San Francisco Mayor’s Battle Against Water Bottles
San Francisco is cracking down on the sale of single-serving plastic water bottles. Mayor Gavin Newsom speaks out on why he’s leading the charge.
By Karen Breslau
Updated: 7:30 p.m. ET June 23, 2007
When San Francisco recently banned the use of plastic grocery bags as part of its campaign to fight global warming, the city drew international attention. Now, plastic water bottles are in the cross hairs. This week, San Francisco Mayor Gavin Newsom signed an executive order banning the use of city funds to purchase single-serving plastic water bottles. The order also prohibits the sale of such water containers on city-owned property. The move is part of a campaign by the city to boost the environmental awareness of its already-green citizens by getting them to use tap water instead of bottled water—and cut down on the acres of plastic generated in the process. Residents who sign an online pledge not to buy bottles can get a stainless-steel recyclable container from the city for free. Newsom spoke with NEWSWEEK’s Karen Breslau about San Francisco’s latest trend-setting environmental campaign—and his own efforts to break the bottled water habit. Excerpts:
NEWSWEEK: Salt Lake City has also banned bottled water for its employees. Why are cities taking the lead in persuading people to stop buying bottled water?
Gavin Newsom: The transportation and distribution, developing the plastic for the water bottles, the cost of the water, has a huge environmental and economic impact. As a consequence of the prolific growth in bottled waters, we in the city feel we have a responsibility to address its cost and its environmental impact. We are looking to eliminate completely all of bottled water consumption supported by city money but also to begin an educational campaign to convey the real cost of bottled water, transported half way around the world. We are looking at a marketing campaign showing bottled water compared to a barrel of oil, that shows it takes far more energy to transport the water than the oil.
NW: You’re talking about these little single-serving bottles like the ones I’ve got all over my desk and feel guilty about?
GN: I was having one in the car today, and I was feeling badly as well. We are not preaching what we don’t intend to practice.
NW: Representatives from the bottled-water industry say it’s unfair to single out their product. Thousands of food and beverage items come in plastic packaging, they point out—and consumers like having a healthy choice of water, instead of buying drinks containing sugar and calories.

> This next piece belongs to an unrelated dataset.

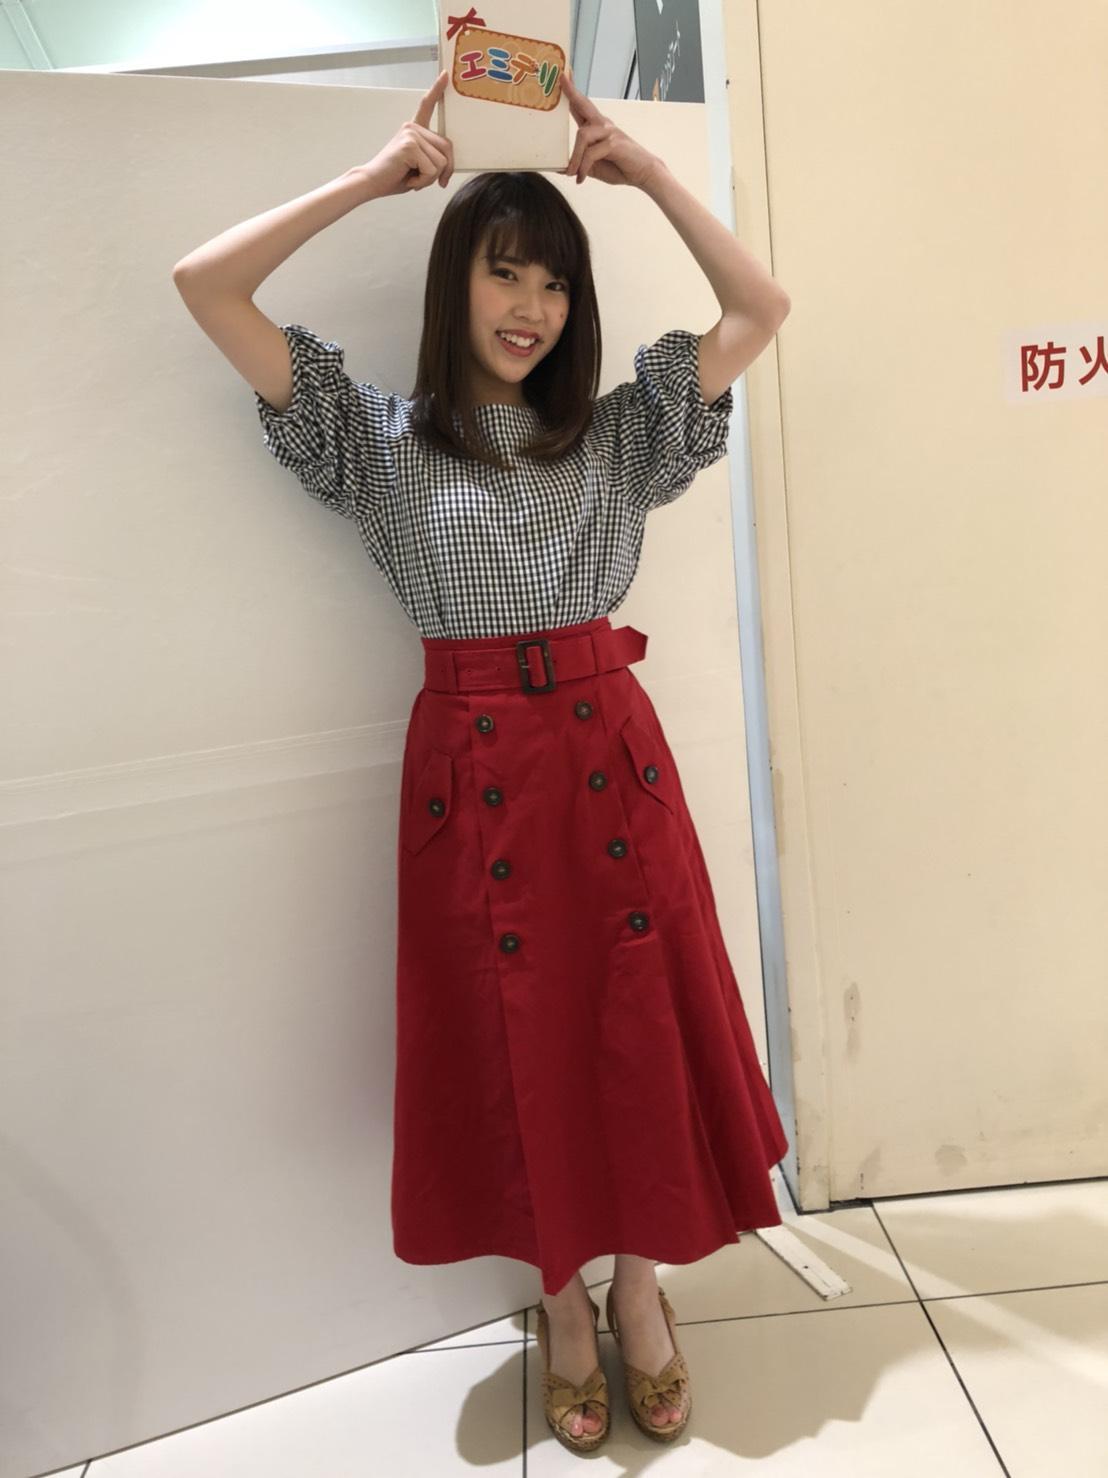 https://emifull.jp/emifulls_blog/11th/uploads/image2%20%288%29.jpeg

GN: Yes, but the difference between bottled water and Diet Coke is that you can’t get Diet Coke from the tap. It’s not like any other bottled liquids. These people are making huge amounts of money selling God’s natural resources. Sorry, we’re not going to be part of it. Our water in San Francisco comes from the Hetch Hetchy [reservoir] and is some of the most pristine water on the planet. Our water is arguably cleaner than a vast majority of the bottled water sold as "pure."
NW: You’ll be raising this campaign with the U.S. Conference of Mayors. And in Salt Lake City, Mayor Rocky Anderson has also banned his employees from using plastic water bottles. Other cities are looking into bottling their own municipal supplies and competing with commercial brands. Why are mayors all over bottled water all of a sudden?
GN: You can start from our roles as fiduciaries. In San Francisco, we spend over $500,000 a year on bottled water, and it’s no better than our own tap water. Why are we paying for something that’s free to us? We are going to save a ton of money. But it’s also clear as we go around the country, or even around the world—I heard the same thing at the Davos summit—that people are talking about the environmental footprint of bottled water. It’s become a narrative over the past year. We as mayors recognize, as we’ve seen through our purchases of alternative-fuel vehicles for city fleets, that we can make purchasing decisions without asking permission. One gallon of bottled water costs the same as 10,000 gallons of tap water. We are going to offer our best practices to other mayors and are asking all cities to take a look at this issue. We did this with our recent ban on the use of noncompostable plastic grocery bags in San Francisco and got a lot of attention.
NW: Are you expecting some pushback from the industry?
GN: The bottled water industry is huge; we are arguing to reduce the consumption of bottled water and that is going to wake up this giant. I imagine every marketer, whether its Coca-Cola with their Dasani brand or whoever, will spend their money saying I’m full of it.
NW: I’ve seen you gulping on occasion from a plastic water bottle. What are you doing to reform your own habits?
GN: About a year ago, my director of the office of the environment, Jared Blumenfeld, saw a case of Fiji water outside my office and he walked in furiously and said, "Do you know what you are doing to the environment?" You have to set a better example. It’s not enough that I have an electric car. I have to slowly wean myself off. I’m not sitting here perfect. I’m trying at home what we provide all of our city employees.
NW: A reusable stainless-steel bottle?
GN: You’ll see me with a fancy recycled bottle; I’ve got about a dozen different prototypes, bottles for bikers, for hikers, every kind you can imagine. But it does [take] getting used to. They are not as portable and clean as they appear to be. I recycle my bottles, but I am hardly going to be the poster child. Still, it’s a start.